[How to complete this task]
Each word in the data below should be copied exactly; the images should not.

[Exercise data]
= = = = = = =

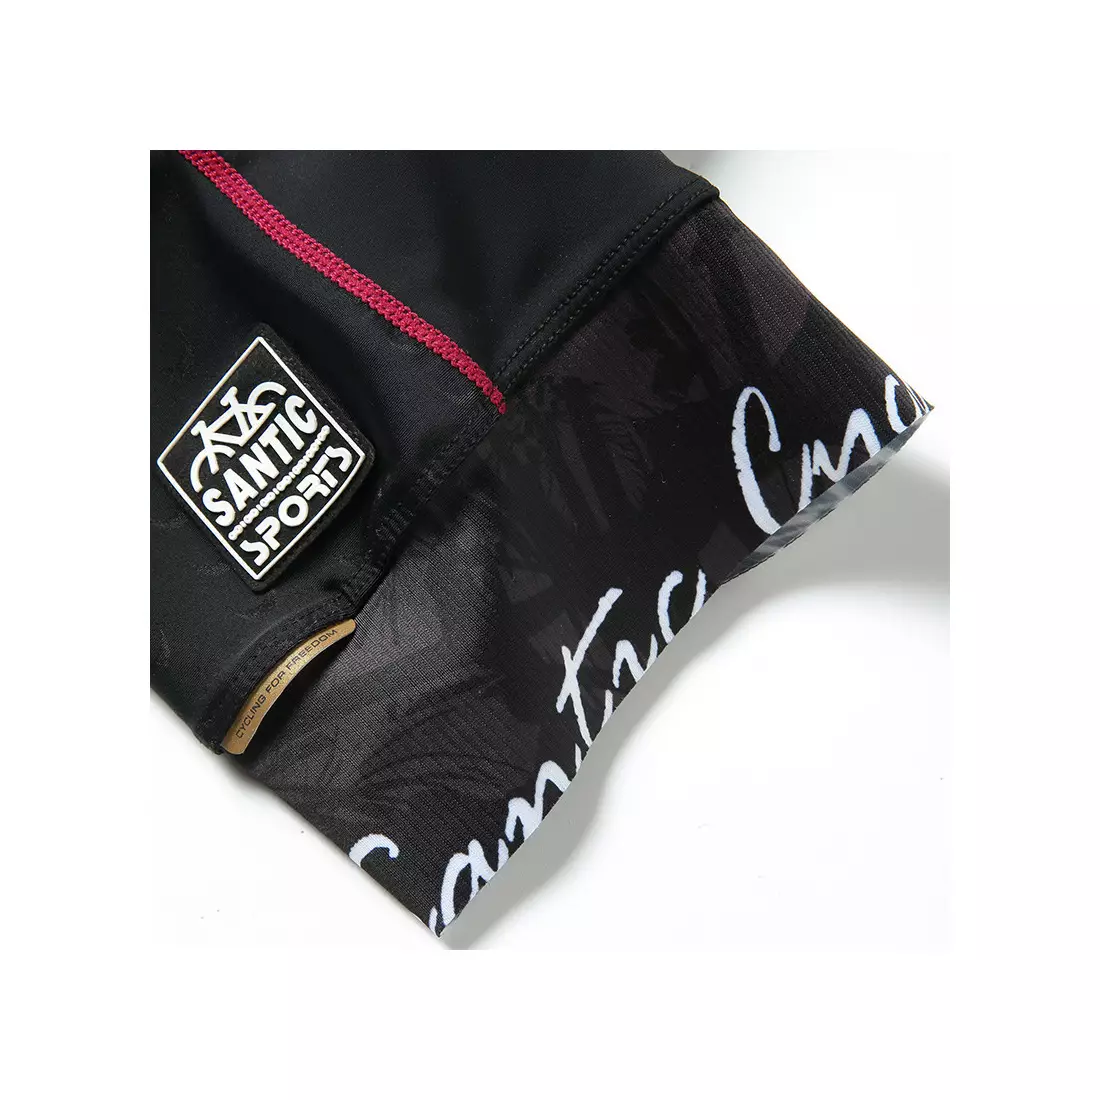 Dámske šortky s náprsenkou SANTIC, čierno-ružové L8C05096
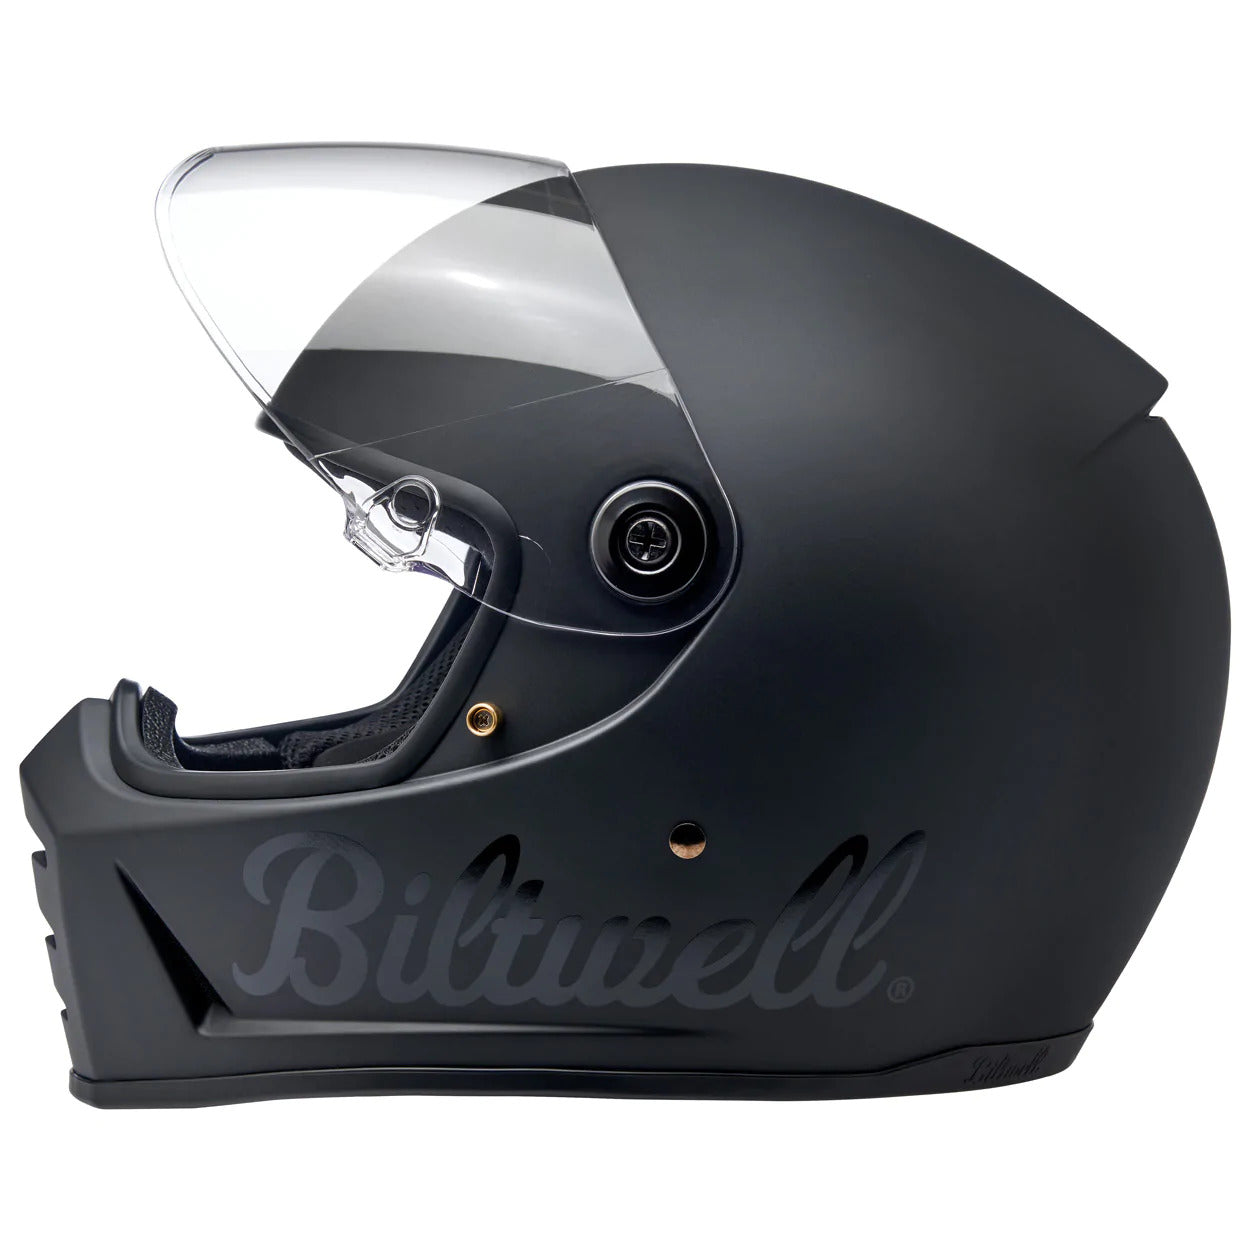 Biltwell Motorcycle Helmet
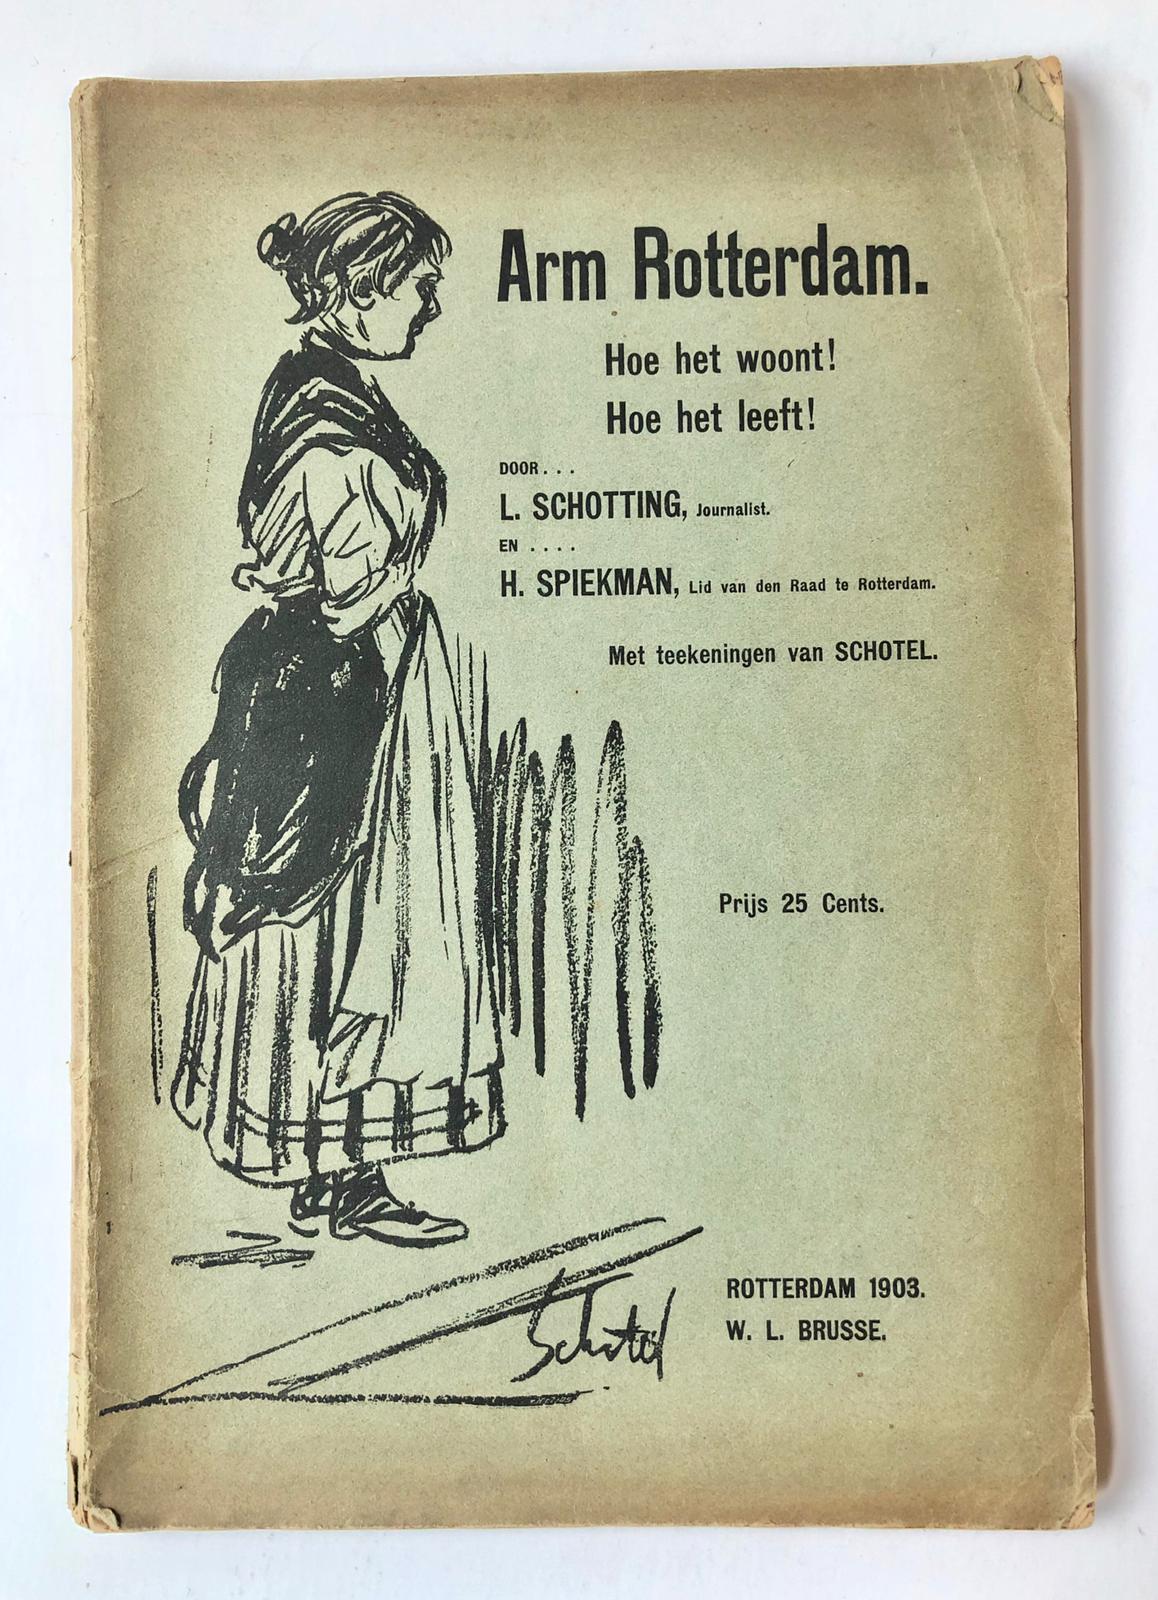 [Rotterdam, poverty, 1903] Arm Rotterdam. Hoe het woont! Hoe het leeft! Door L. Schotting, Journalist, en H. Spiekman, Lid van den Raad te Rotterdam. Met teekeningen van Schotel, W. L. Brusse, Rotterdam, 1903, 80 pp.
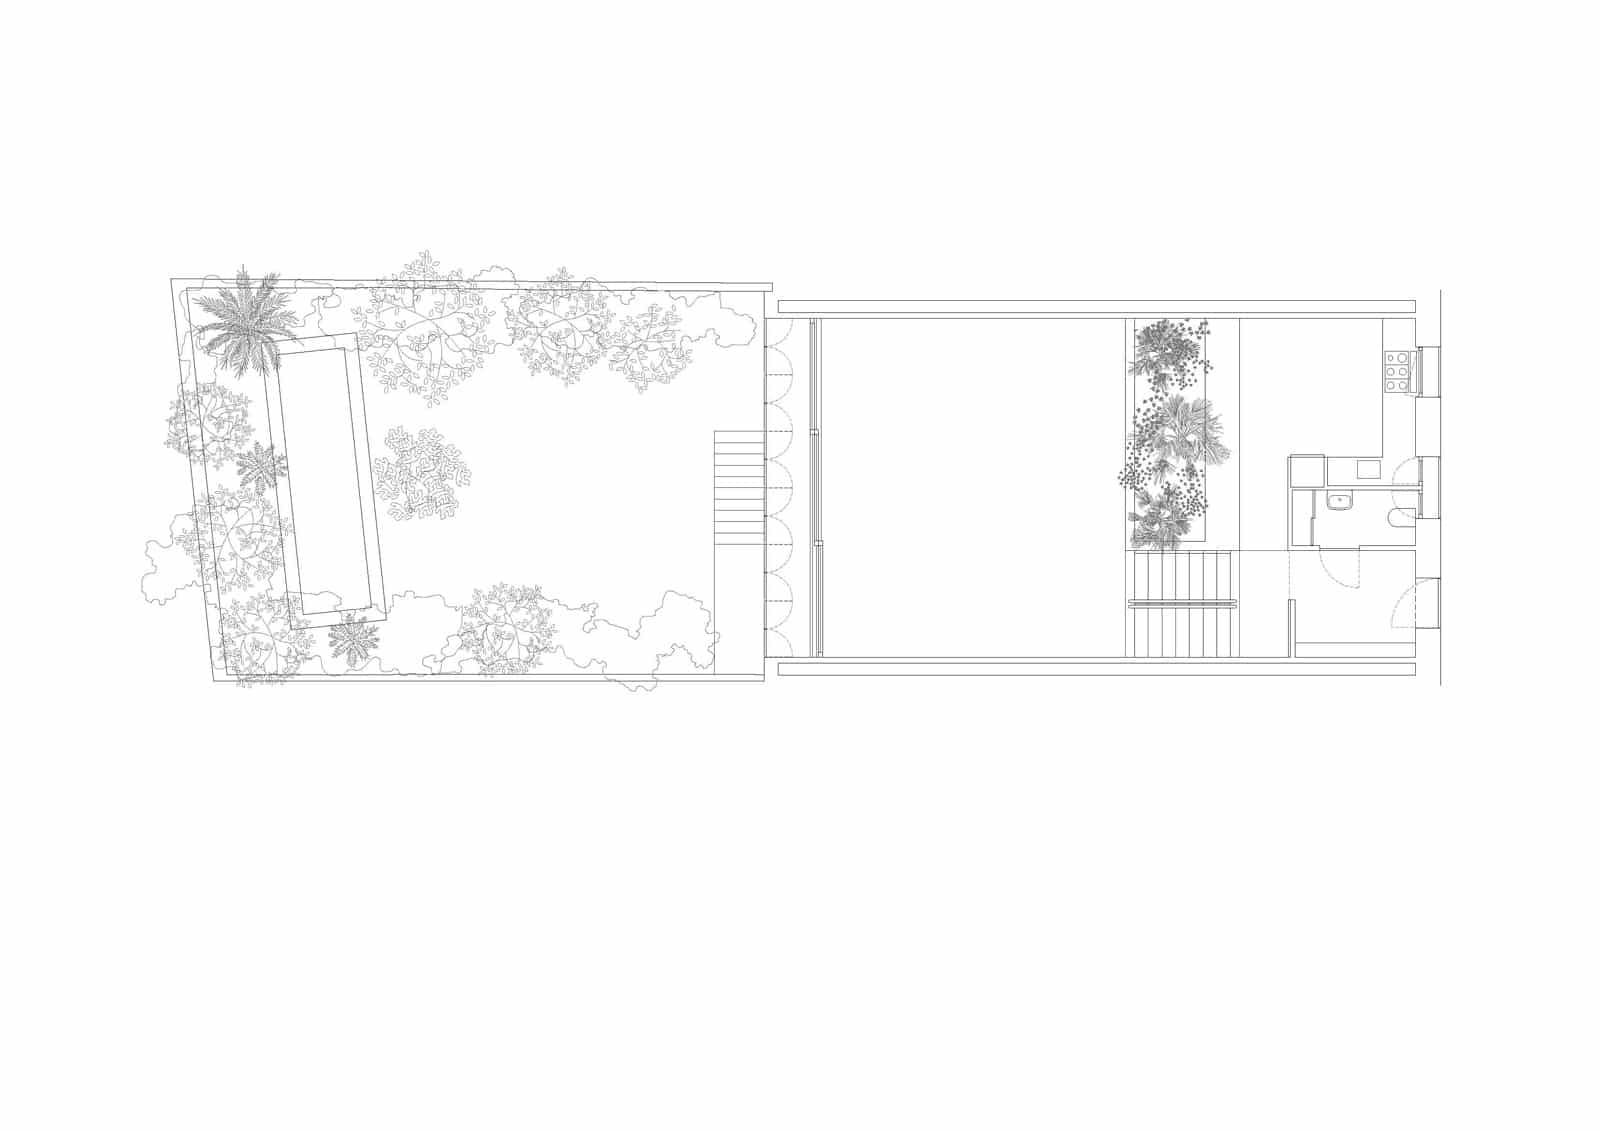 Verdi House  - 20220211 ArquitecturaG VerdiHouse 9.2 53

= = = = = = =

[Solution for this exercise]
 Dámske šortky s náprsenkou SANTIC, čierno-ružové L8C05096
 Biltwell Motorcycle Helmet
 [Rotterdam, poverty, 1903] Arm Rotterdam. Hoe het woont! Hoe het leeft! Door L. Schotting, Journalist, en H. Spiekman, Lid van den Raad te Rotterdam. Met teekeningen van Schotel, W. L. Brusse, Rotterdam, 1903, 80 pp.
 Verdi House  - 20220211 ArquitecturaG VerdiHouse 9.2 53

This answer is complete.